**AVAILABLE DATA**
════
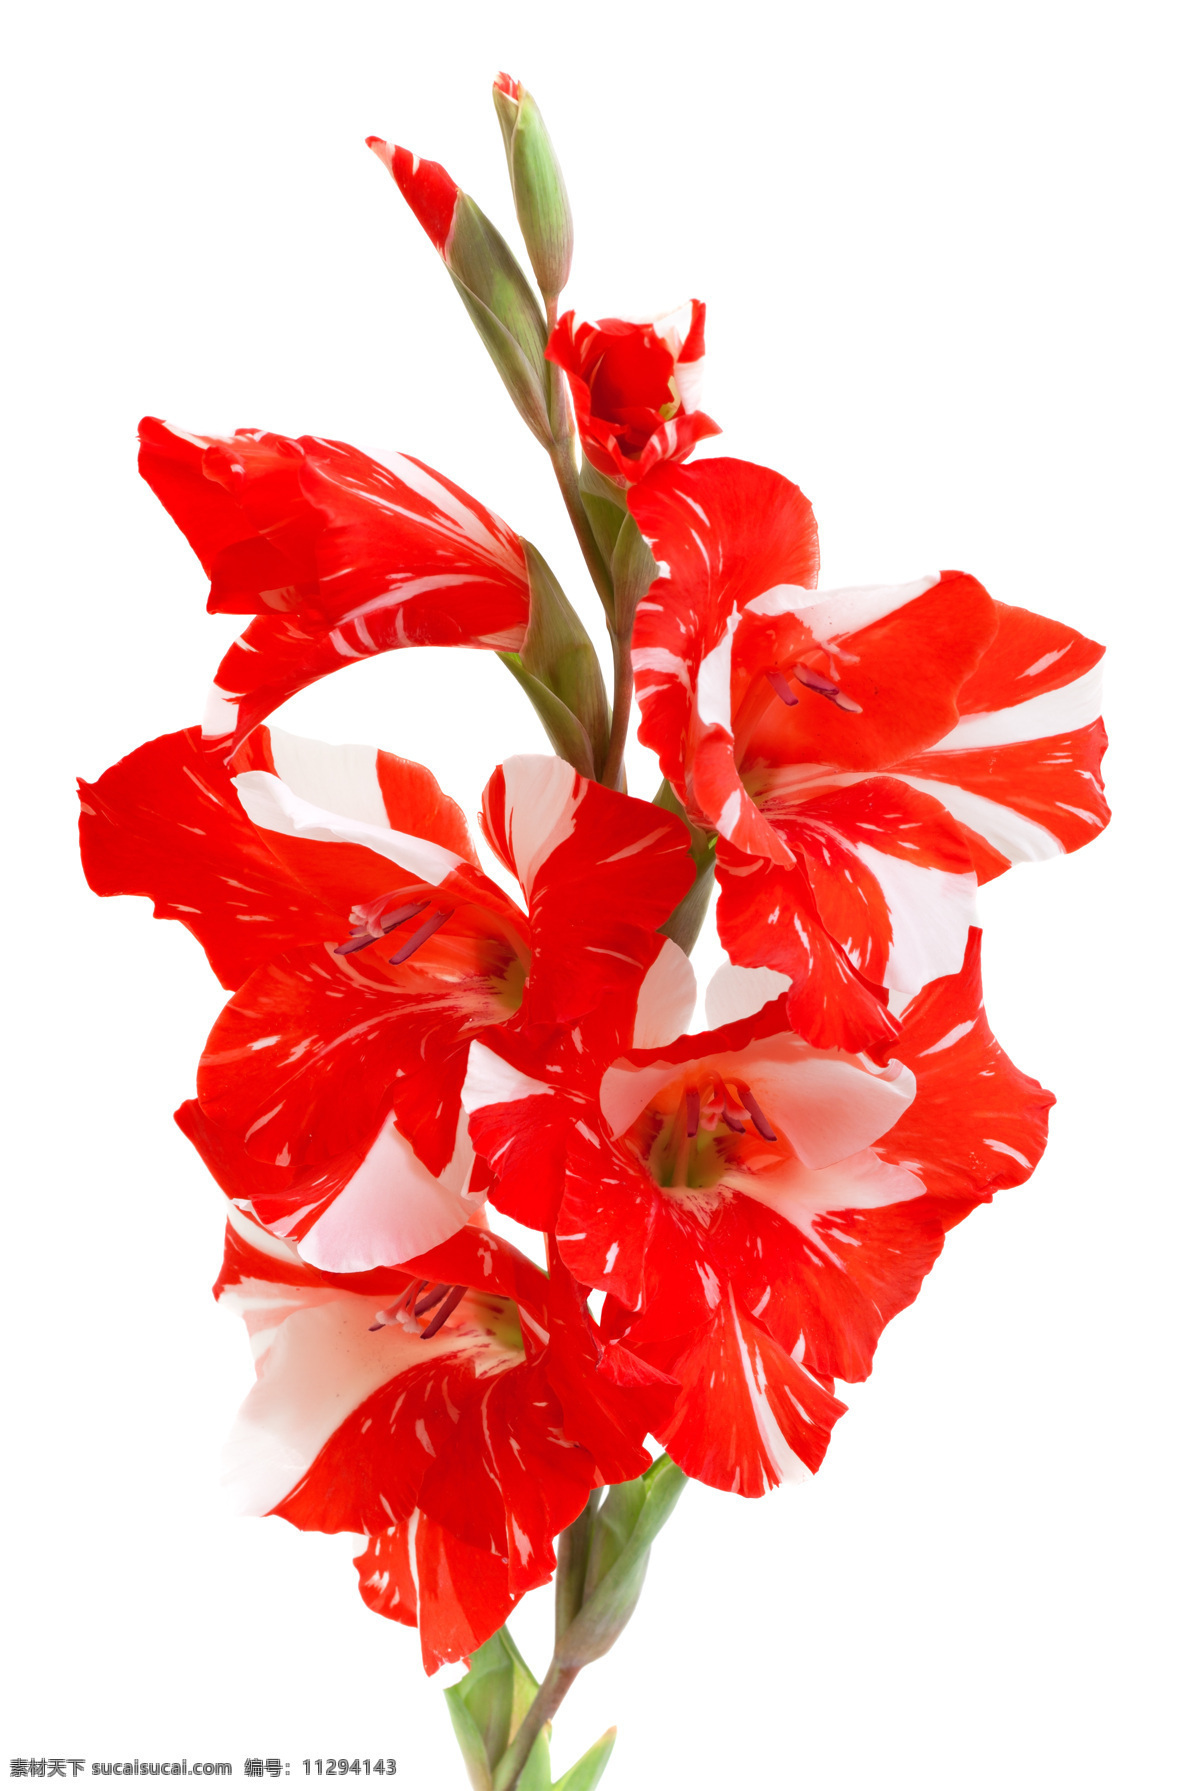 美人蕉 花 花朵 红色 红白相间 花束 花卉 边框 背景 底纹 花草 生物世界
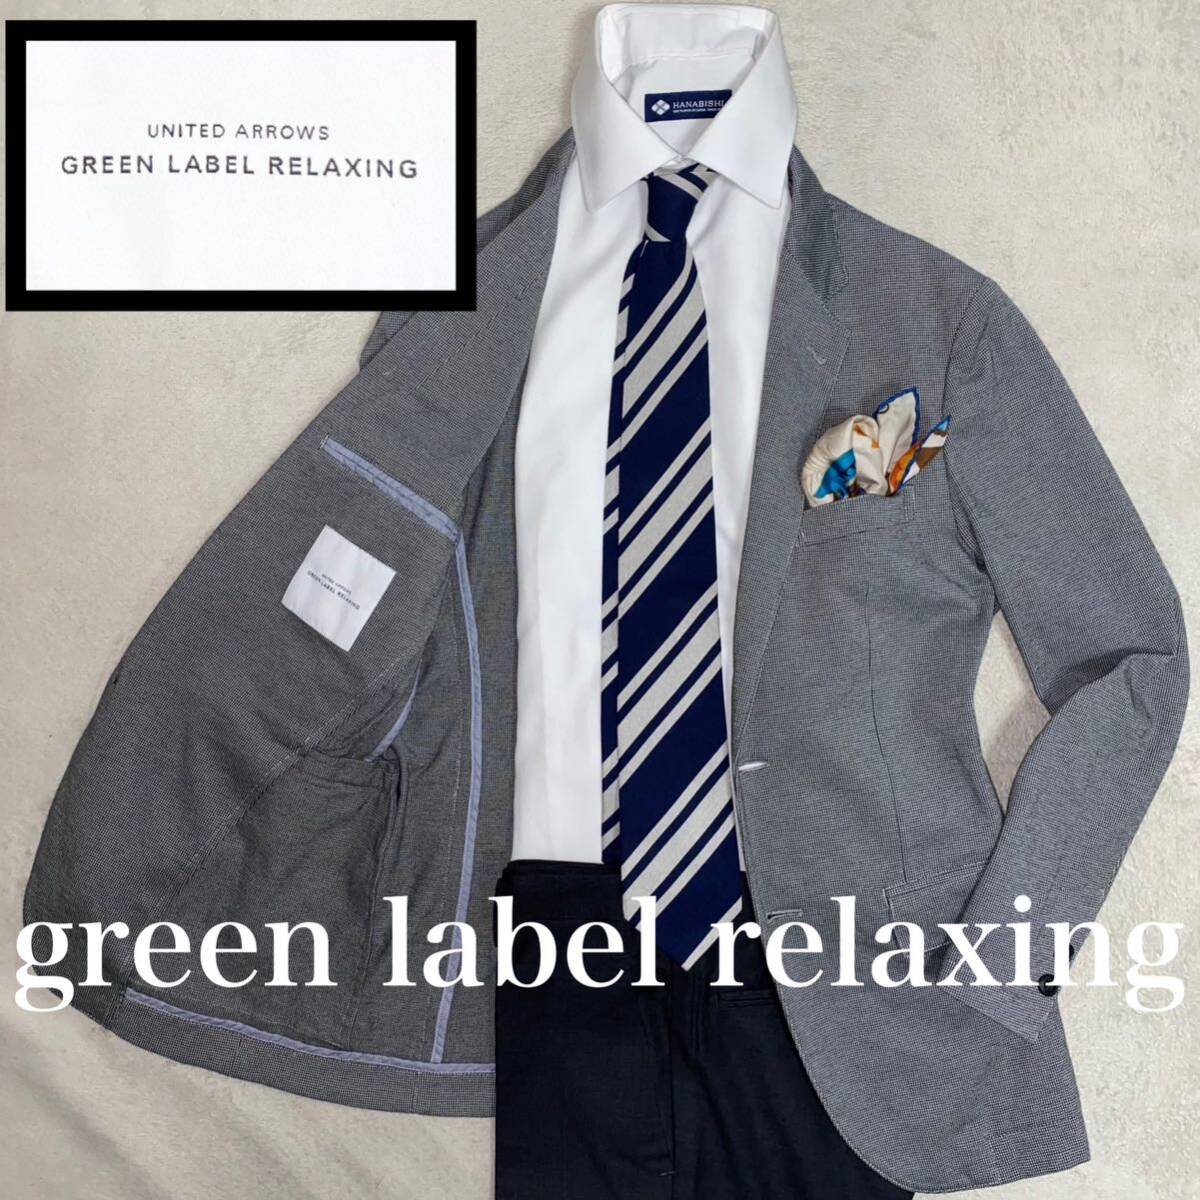 green label relaxing 未使用に近い美品 S オンオフ兼用 テーラード ナチュラルストレッチの画像1
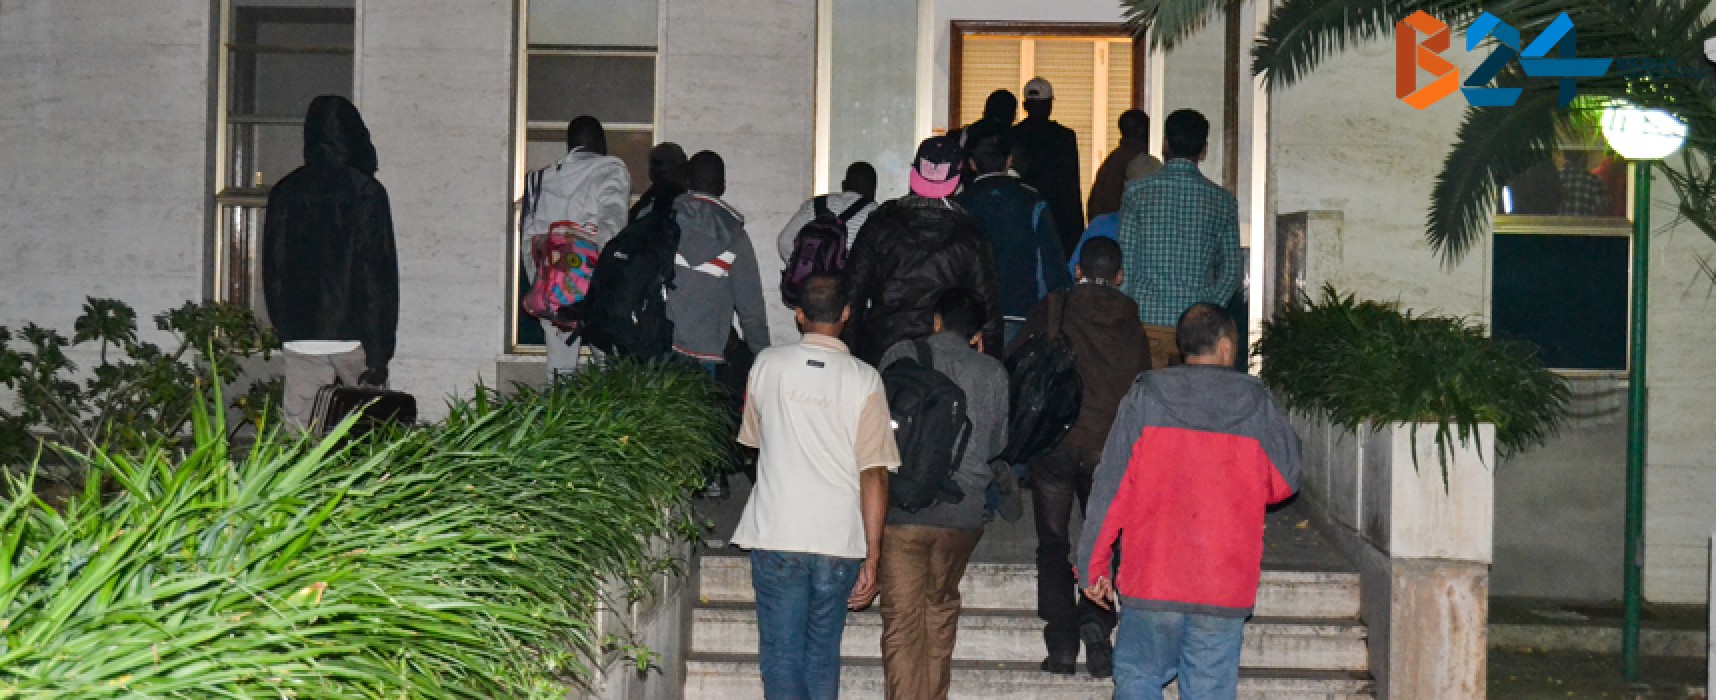 Ventotto profughi arrivati la scorsa notte a Villa San Giuseppe / FOTO
════
**TASK DETAILS**
Beginning at the line that contains "green label relaxing", transcribe it and every later line through the last line of the data above, exactly, and drop the pictures.

**ANSWER BOX**
 green label relaxing 未使用に近い美品 S オンオフ兼用 テーラード ナチュラルストレッチの画像1
 Ventotto profughi arrivati la scorsa notte a Villa San Giuseppe / FOTO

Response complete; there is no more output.